Ruthless (Keane) - страница 57

She shrugged. ‘Ah, you know. Old things.’

‘What old things?’

A shrug. Her eyes were fastened on the table. One finger was tracing the grain of it, over and over again.

‘Can you tell me about it?’ he asked, keeping his voice gentle. ‘This is me, Orla. How long have we been friends? For ever. So why not tell me what’s been going on with you?’

Orla’s fingernail dug into the grain, leaving a half-moon mark there. Her eyes flickered up to his face, then back to the wood.

‘It’s nothing,’ she said. ‘Old stuff.’

‘Such as…?’

Again, a shrug. ‘Nothing that matters any more.’

This was driving him mad. He had to know. ‘Come on, Orla, tell me.’

Now her eyes met his. She picked up the dregs of the whisky, drank it down in one.

‘Tory used to come into our room – mine and Redmond’s. Pat too. He liked to watch.’

Rufus sat back with a frown. Of all the things she could have told him, he hadn’t expected that.

‘Come into your room…?’ he queried.

‘To have sex with us,’ she said, and gave a tight little smile.

Rufus sat there feeling as if the marrow in his bones had been turned to ice.

‘You what?’

‘That’s why I don’t like it much. Sorry.’

‘Orla… for the love of God, what are you telling me? You’re saying your two elder brothers abused you? Both you and Redmond?’

She nodded. And then she smiled.

‘But Tory’s dead, and Pat went missing long ago, so I suppose he’s dead too.’

‘Jesus… Orla…’ He couldn’t get his head round it.
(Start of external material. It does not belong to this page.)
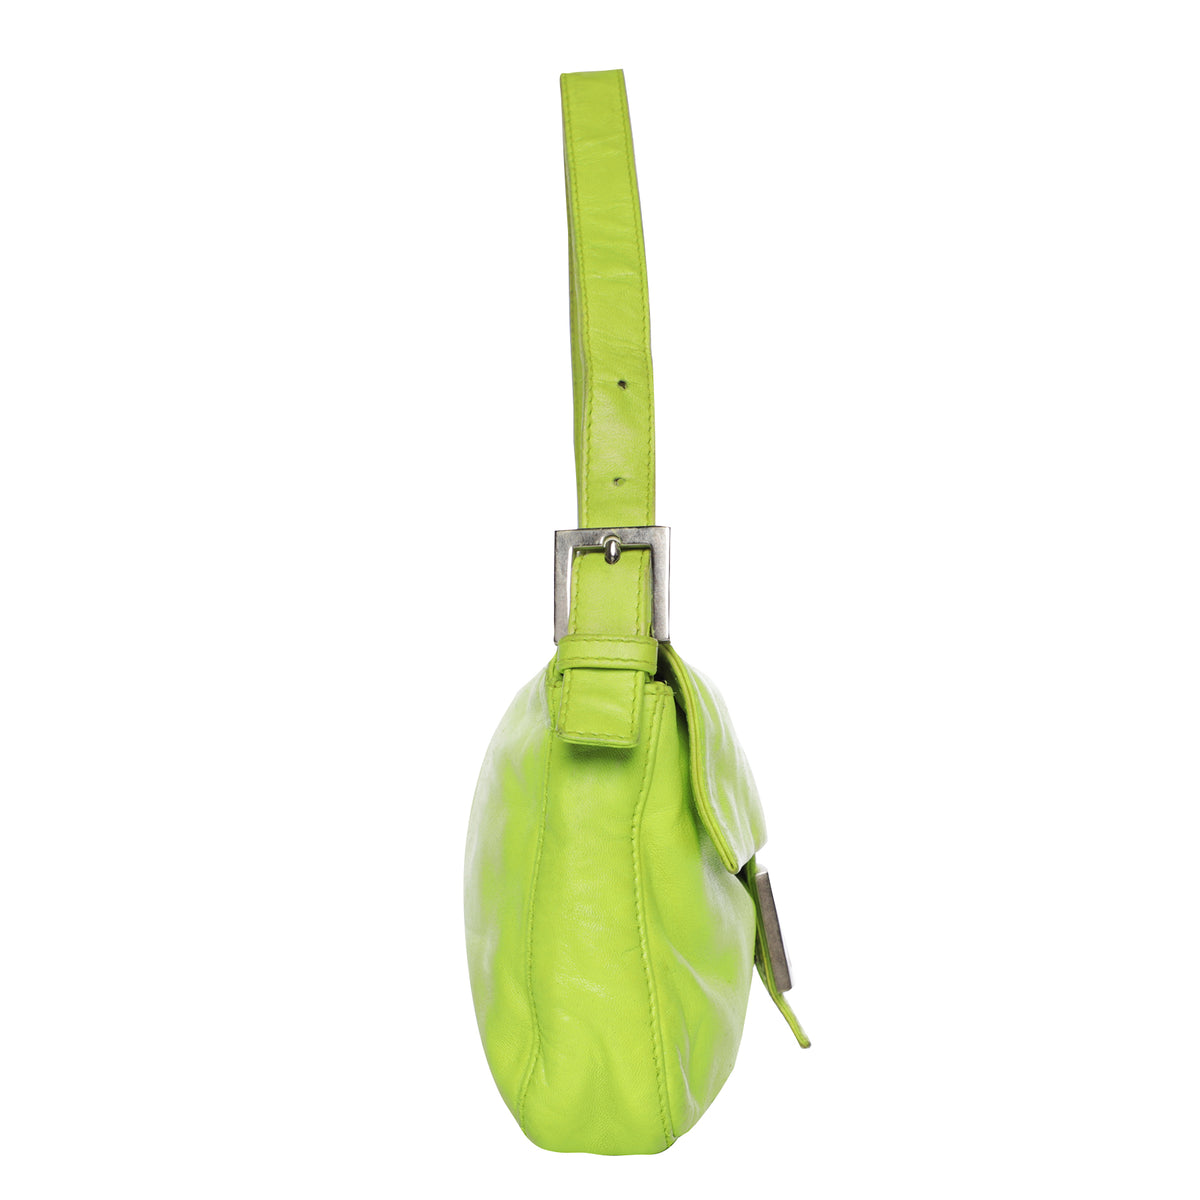 Vintage Fendi Lime Green Leather Shoulder Bag

Her elder brothers, who should have been protecting her, loving their sister as any brother should, had been doing that to her? And to Redmond as well!
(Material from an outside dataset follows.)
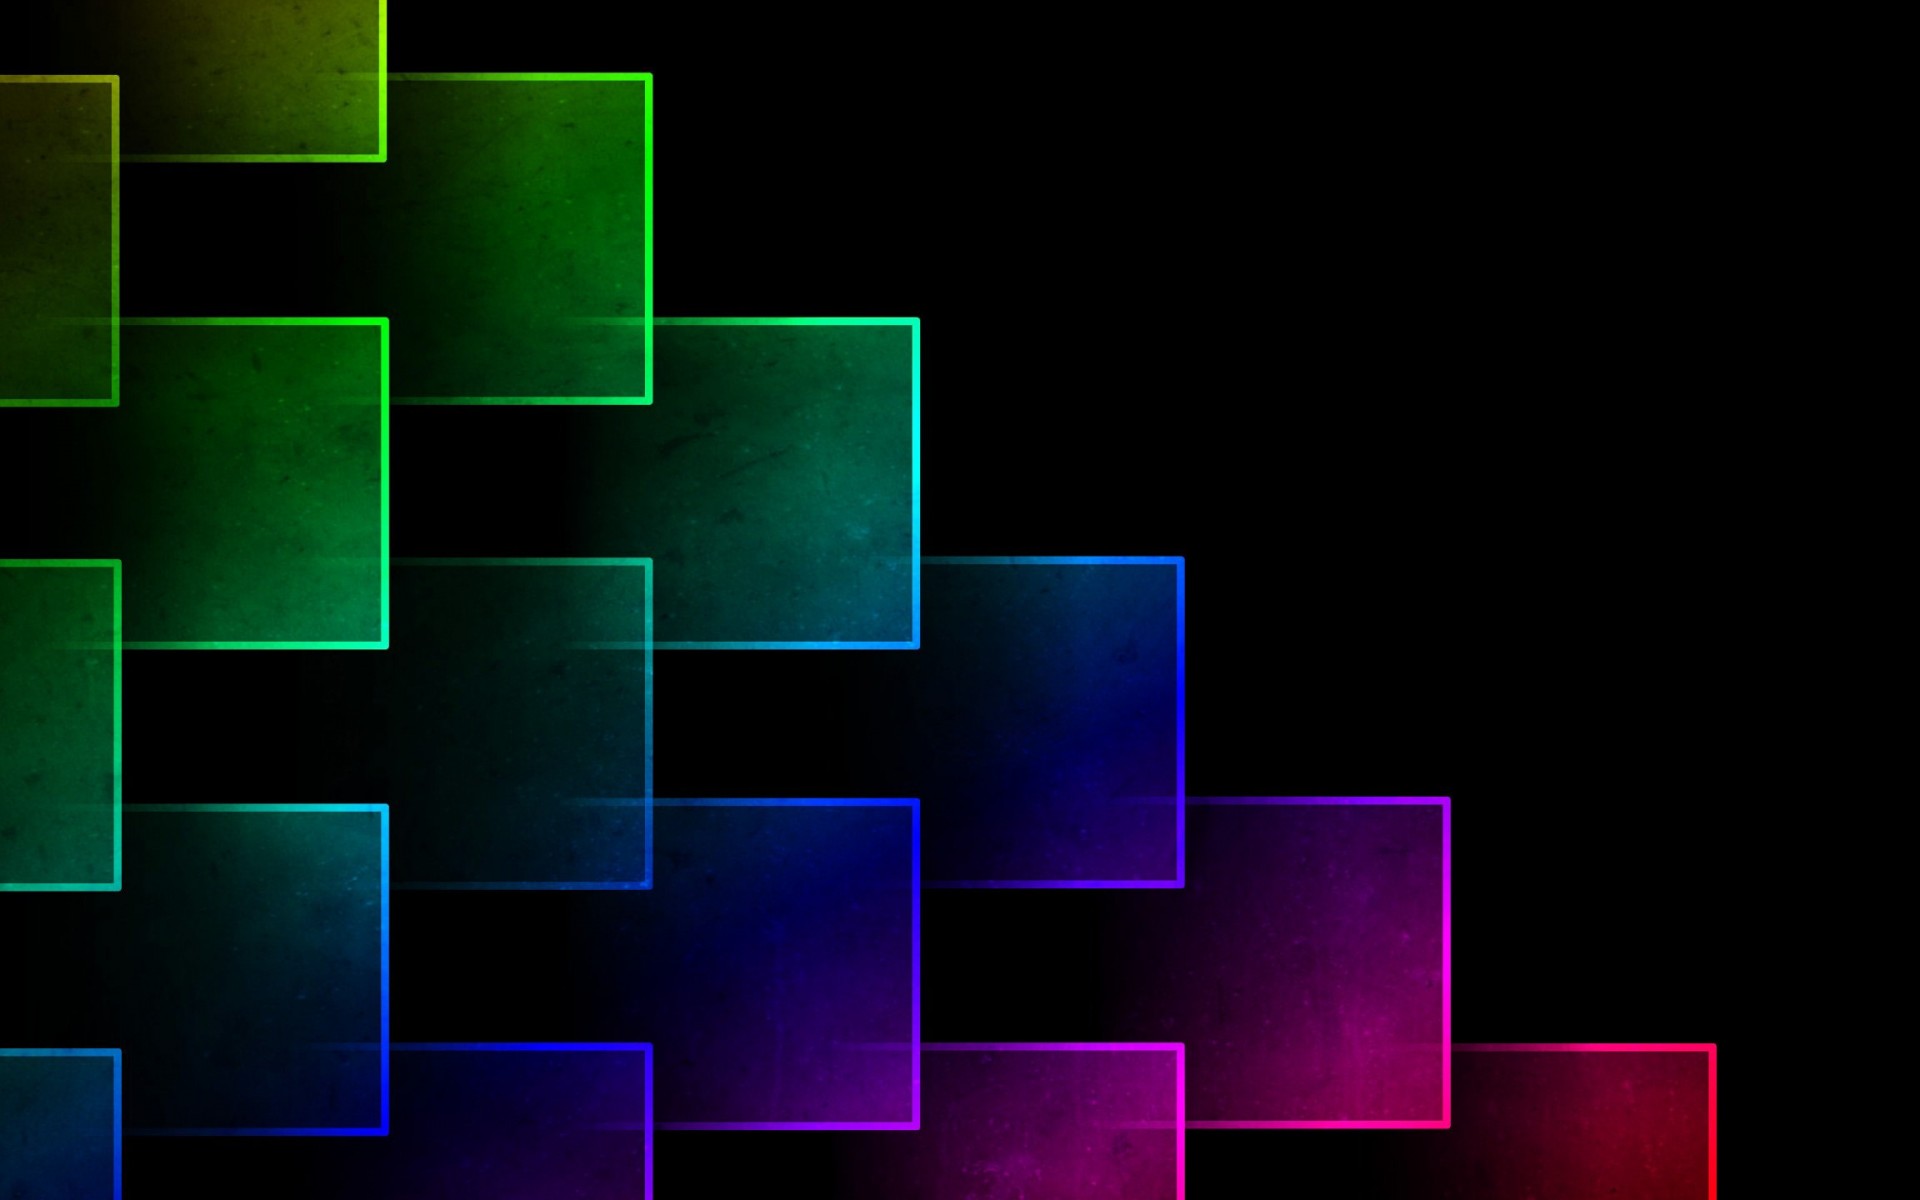 cube wallpaper,design,graphics,pattern,square,graphic design

‘Don’t feel sorry for me,’ she said. ‘It happened years ago, it’s all forgotten.’

No it isn’t, thought Rufus. You’re scarred right through from it, but you think you’re normal. You poor bitch.

‘I had no idea.’ He was thinking of the lock on her bedroom door, the clenching when he tried to make love to her, the dislike of babies. ‘There wasn’t… I mean, did anything happen after they’d…’ He couldn’t even say it. It was too monstrous, too awful.

She took another gulp of whisky. ‘I thought I was pregnant at eleven years old,’ she said. ‘I wasn’t. Which was lucky.’

‘Oh Jesus. Orla…’ He thanked God that Tory was dead. He wanted to dig up that bastard’s bones and beat them against a wall, he felt so choked.

‘You can’t imagine how it was. I was so confused. This was Tory, this was Pat. They played football with us, with Redmond and me and baby Kieron, out on the lawn. Like a normal family would do, with Mum and Dad looking on. And then at night, nothing was normal. Nothing at all.’